The real problem with being in love with two people, assuming all parties haven’t consented to it, is that you’re definitely going to lose one of them.  More than likely you will lose both.  I can’t genuinely write the sensation of that level of anguish.  Pick something you love in pairs.  Parents? Murder one of them to save the other.  Children?  Pick one to slaughter in order to preserve the other.  No matter which move I made I was going to lose and I was going to lose hard.

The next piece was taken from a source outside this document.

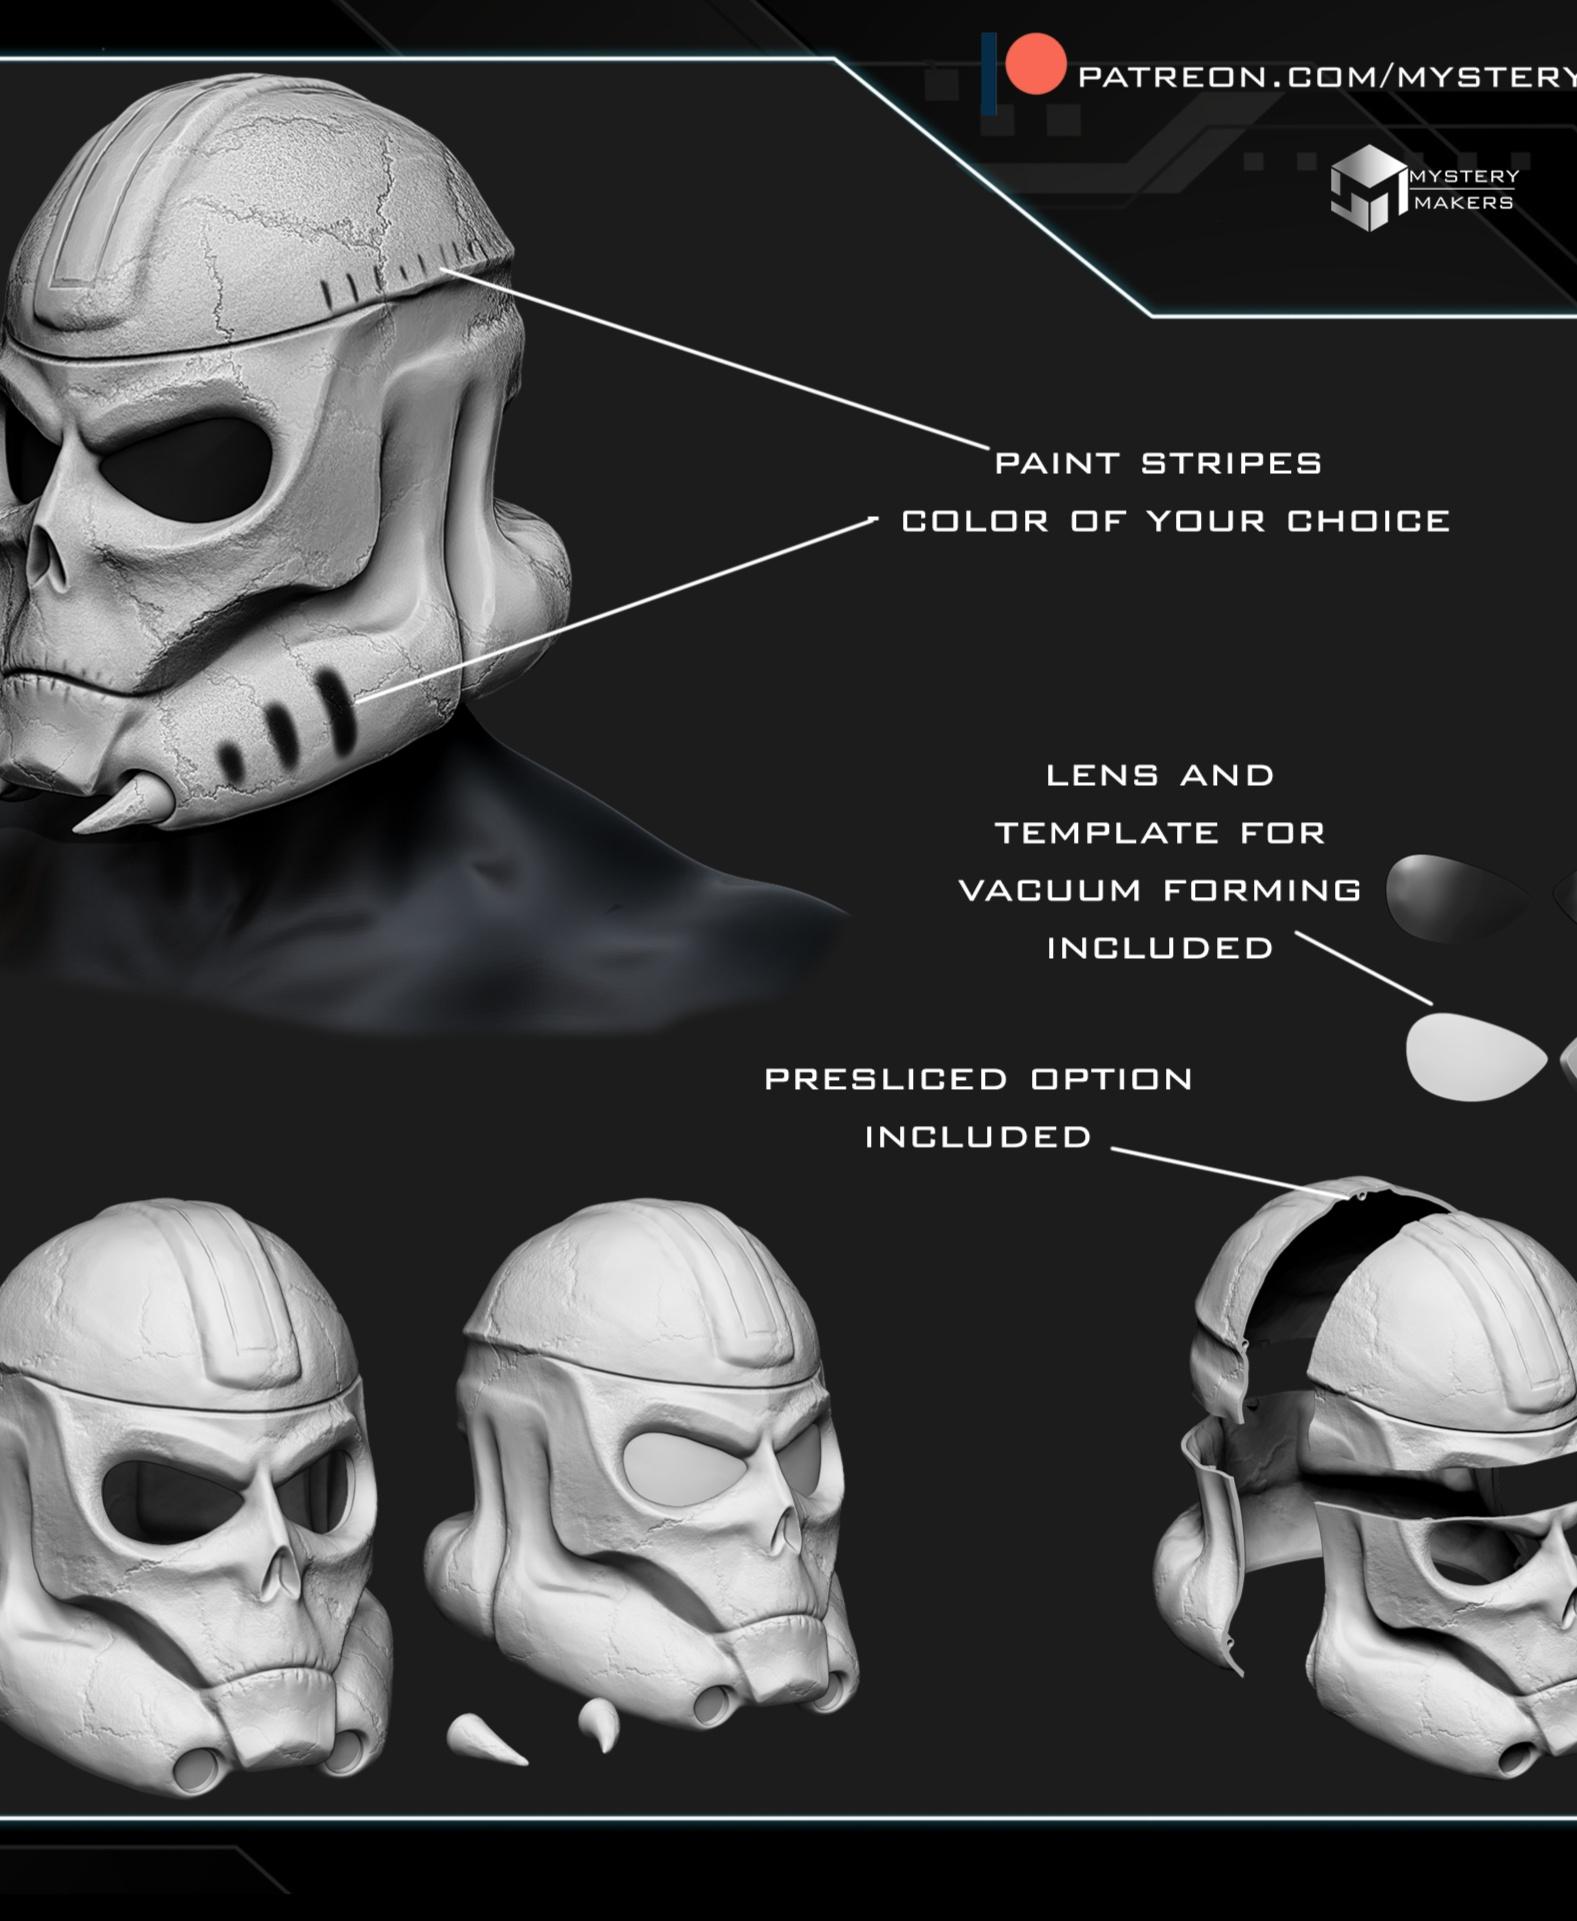 Grim Reaper trooper helmet 3d model

There was no settling my mind.  The best way I can describe it is like the two halves of my brain were actively ripping themselves apart.  One half choosing logically my commitments to the person in front of me, with who I endured both hardship and joy.  The other half choosing to imagine what a better life could look like when it isn’t steeped beyond bitter in this current state of suffering.  There was a burning sensation in my corpus callosum.  The guilt of even having these thoughts weighed on me constantly.  What was I going to do?  How can I resolve this?  How can I choose to give one of them up?

I spent a lot of time contemplating how I could sneak around my vows.  Tip toe around in the dark to see this person.  I knew though, that I’d never be able to tell the lie.  Not that it seemed I had to.  We would all three sit on the couch and drink wine while we would pretend none of us saw what was happening.  Was I crazy?

I even brought it up with my spouse like a good boy.  Not an easy topic to broach.  There was an immense sense of shame but I had no idea what to do.  We sat there and I explained what was happening in my mind and in my heart.  I did my best to be forthright hoping we could come up with a plan together.  This was a gut wrenching experience of basically attempting to give this person up.  It didn’t seem like I could give them up though.

My thought process went something like this.  I love both of these people in different ways but just as intensely.  Adultery is a sin of two people.  Divorce is a sin of two people.  But ultimately this was my problem.  I couldn’t let go of either of them.  I couldn’t move forward from where I was.  Suicide is a sin of one person.

The alarm on my cellphone is going off.  It’s incessant buzzing against the table where my head is rested makes it impossible to ignore.  The device might be as pissed about it’s existence as I am about mine, but then again, maybe not.